- _DATA PROVIDED_
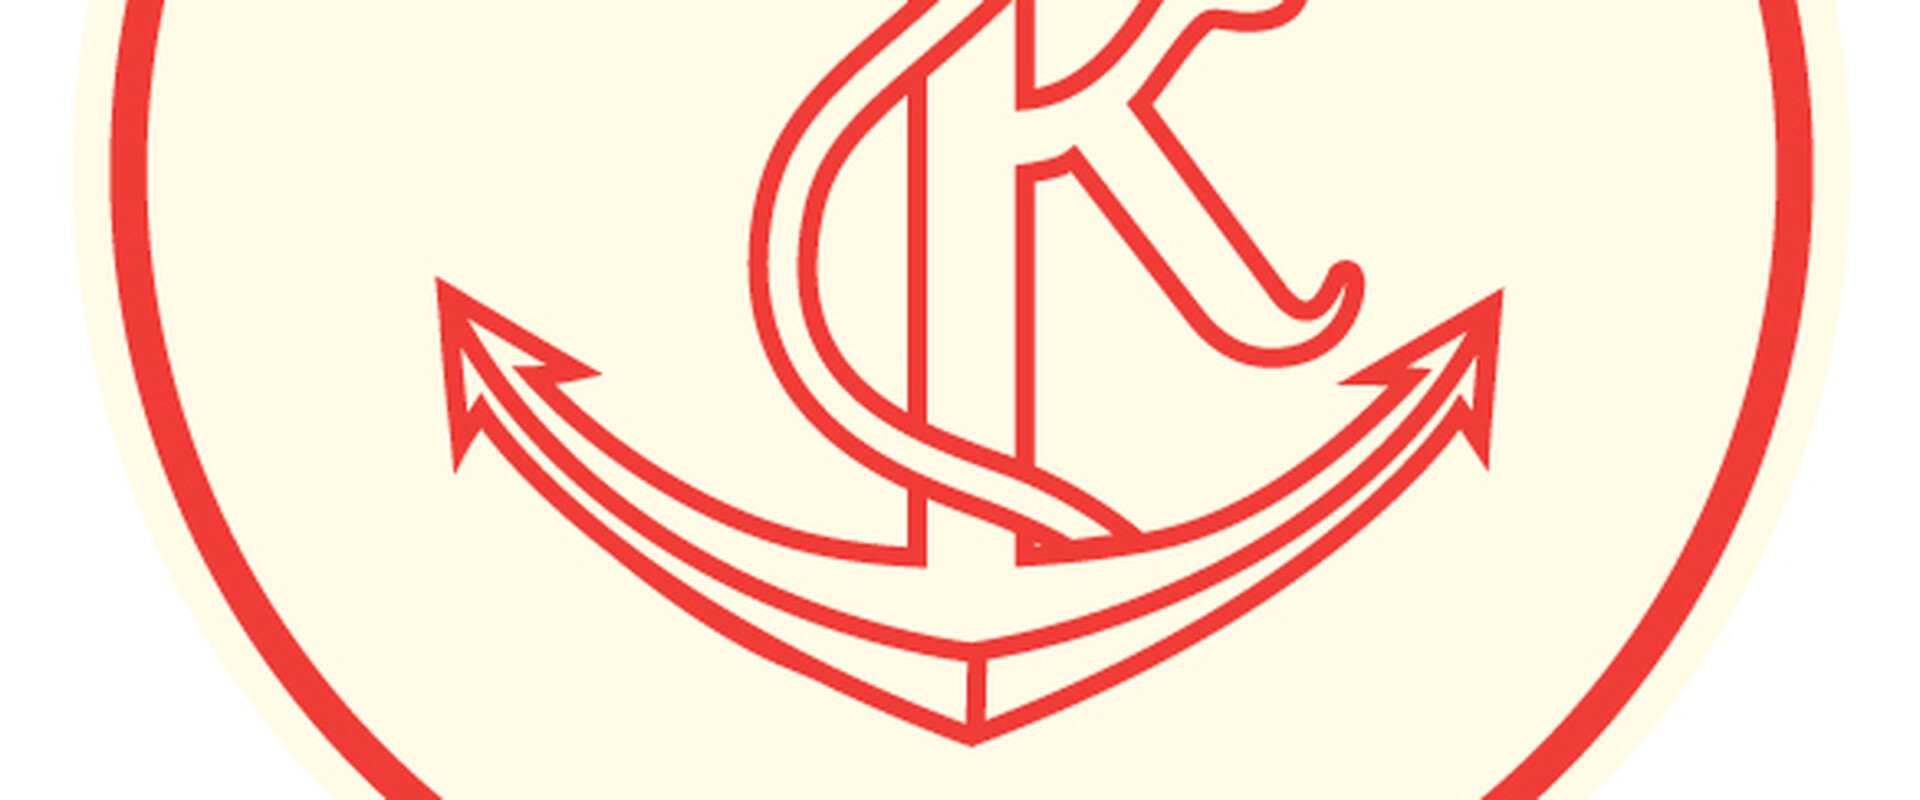 Kristiinankaupunki logo pun nega rgb9
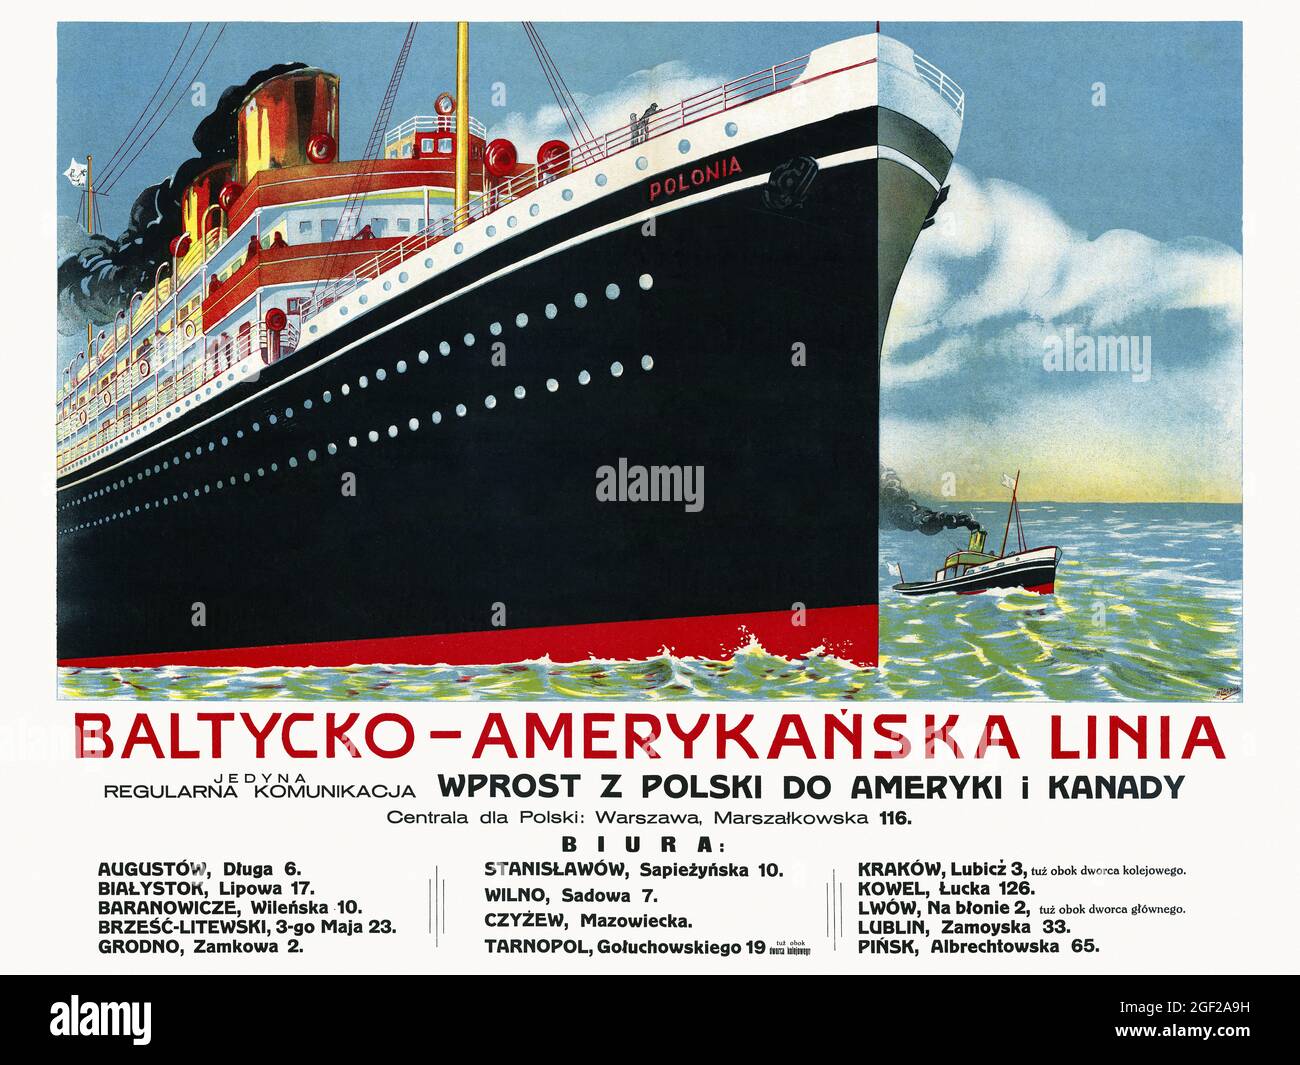 Bałtycko - Amerykańska Linia by M. Zaspicki (dates unknown). Restored vintage poster published in the 1930s in Poland. Stock Photo
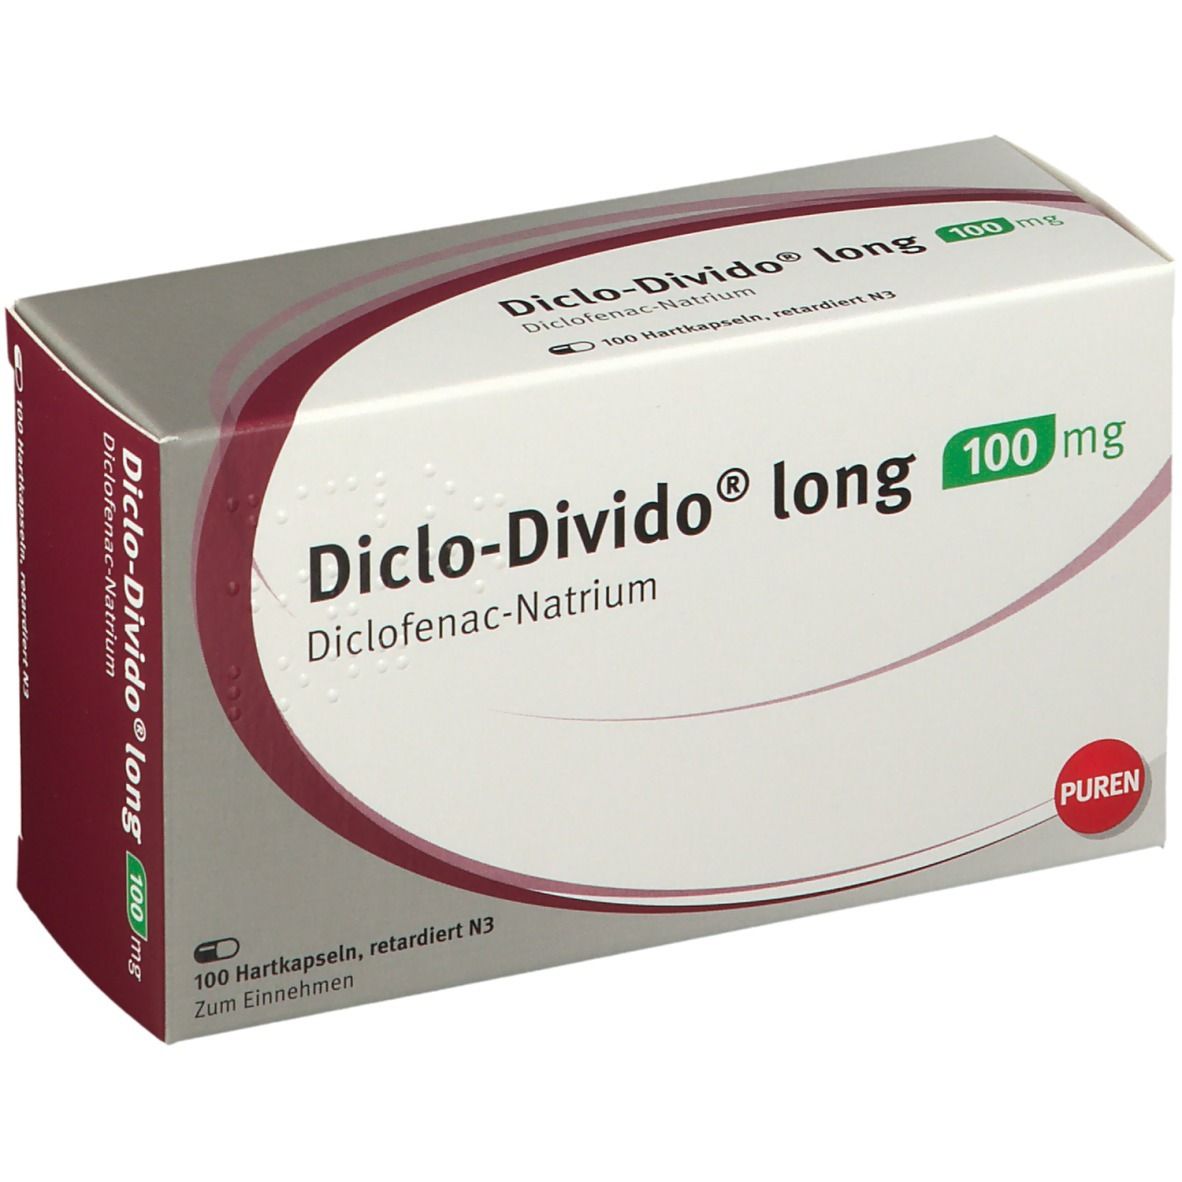 Diclo-Divido® long 100 mg
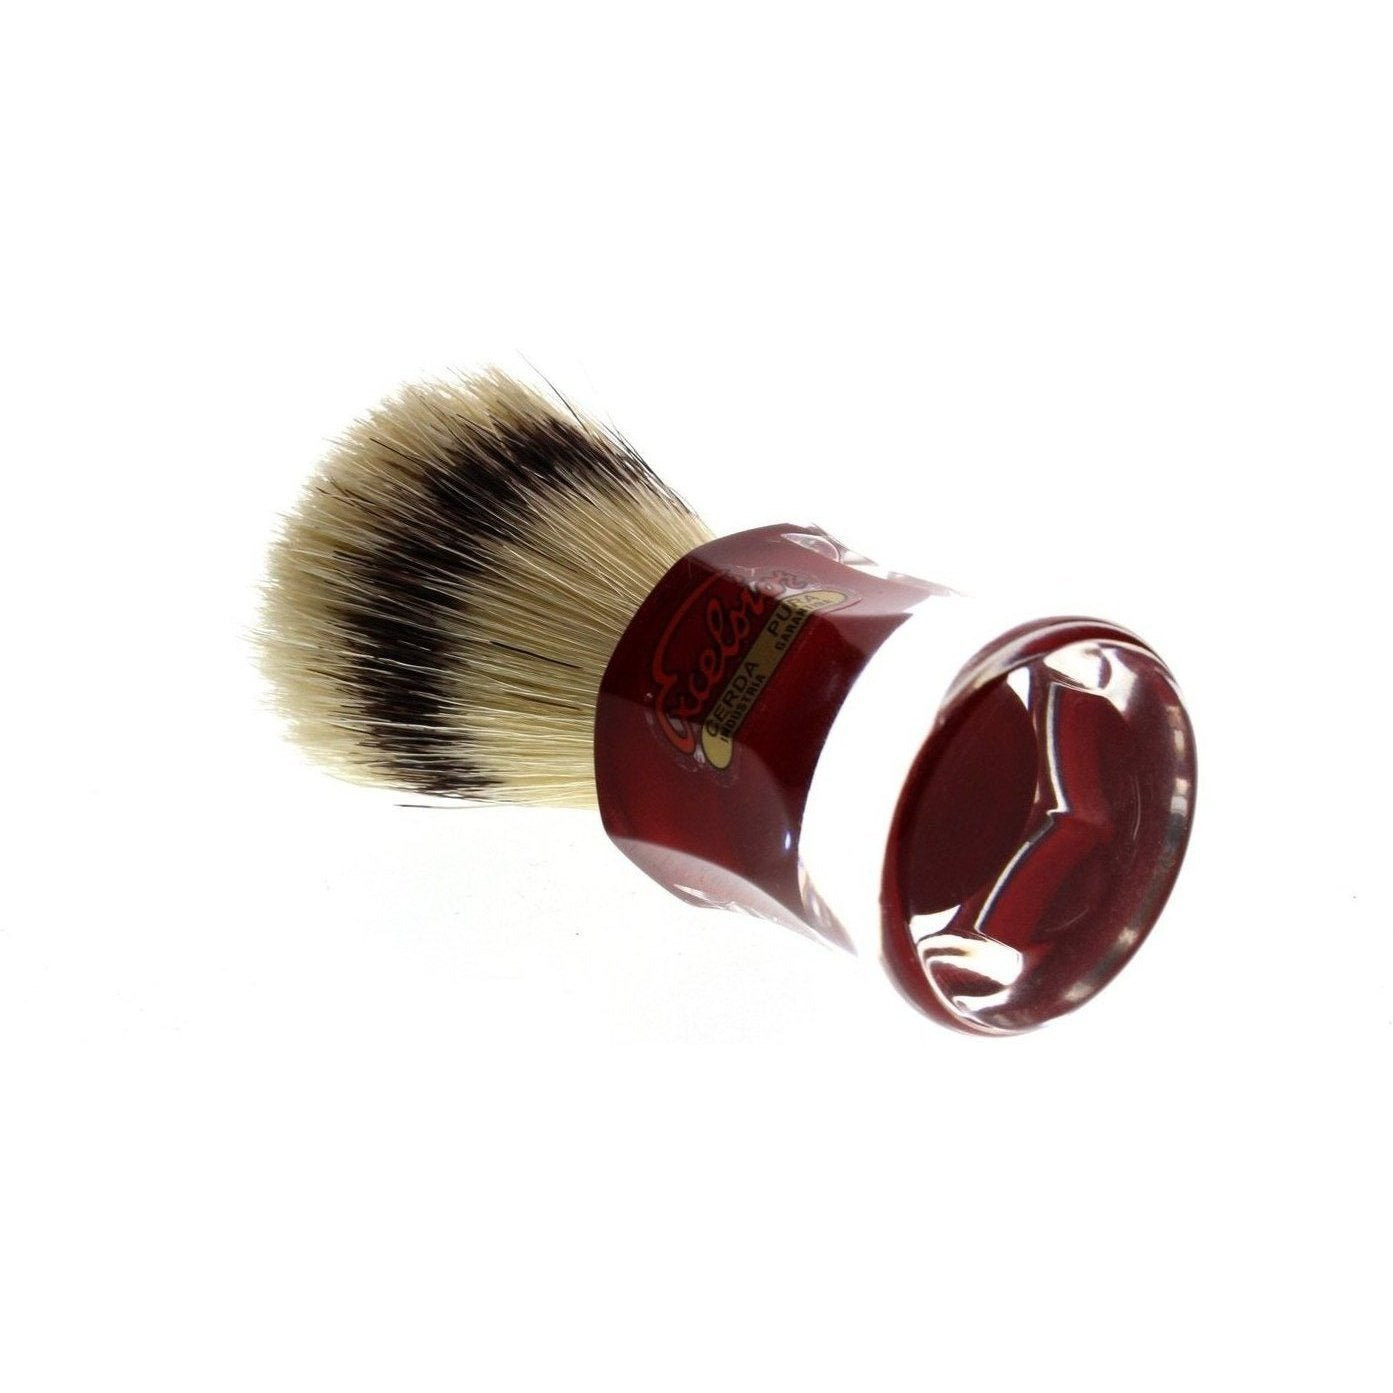 Product image 3 for Semogue 830 Pure Bristle Shaving Brush
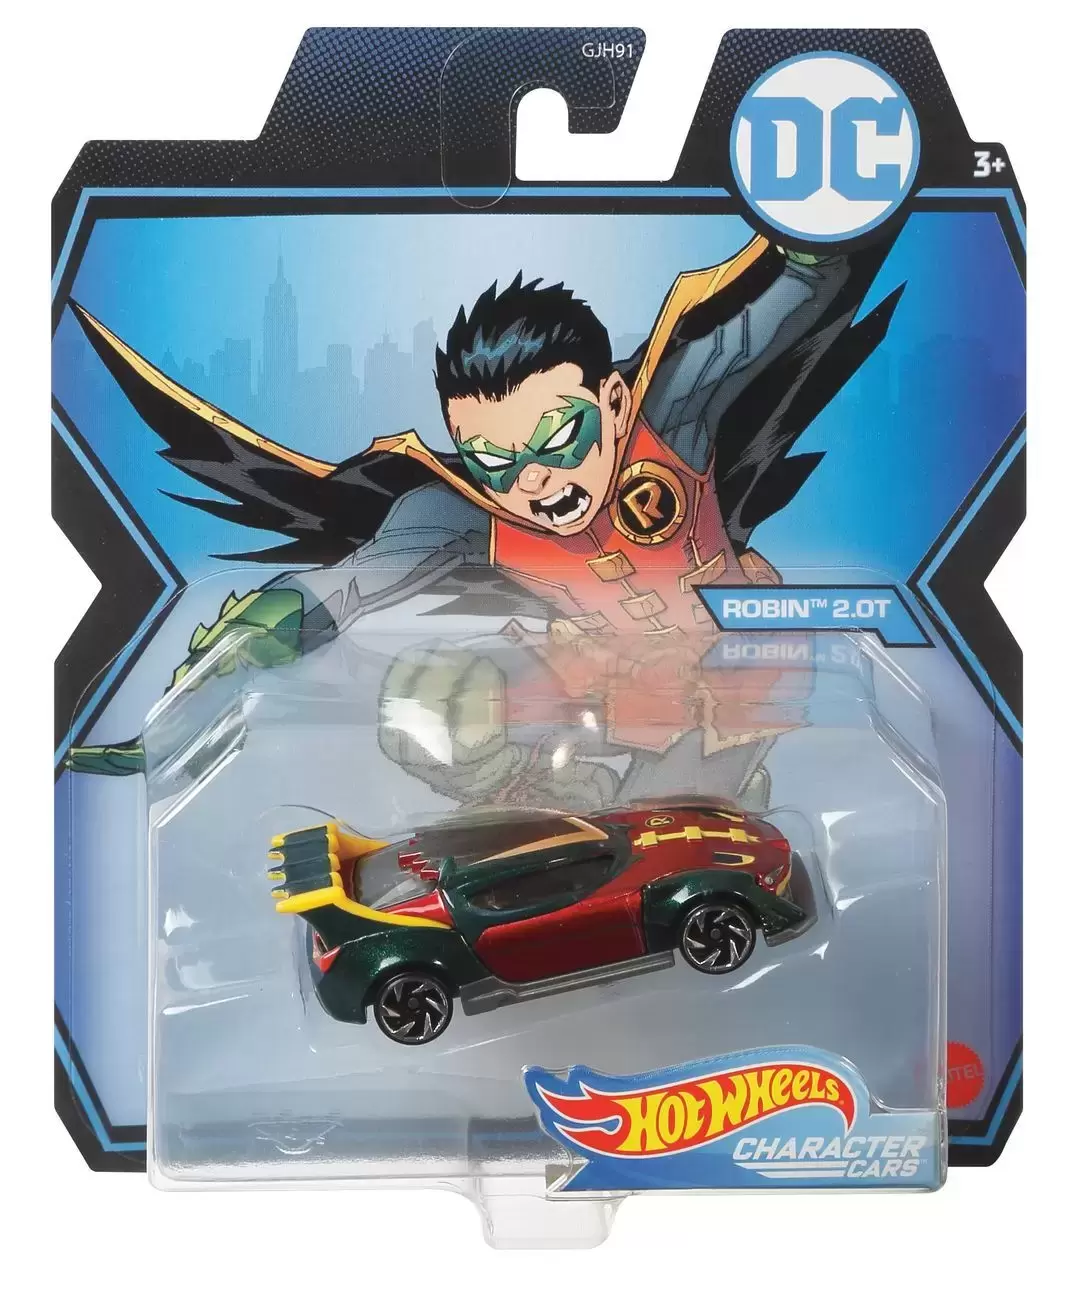 DC Comics Character Cars - Robin 2.0T

- _WORK TASK_
From the first line to the last, repeat the records exactly. Leave out the pictures.

- _RESPONSE_
 Kristiinankaupunki logo pun nega rgb9
 Bałtycko - Amerykańska Linia by M. Zaspicki (dates unknown). Restored vintage poster published in the 1930s in Poland. Stock Photo
 Diclo-Divido® long 100 mg
 Product image 3 for Semogue 830 Pure Bristle Shaving Brush
 DC Comics Character Cars - Robin 2.0T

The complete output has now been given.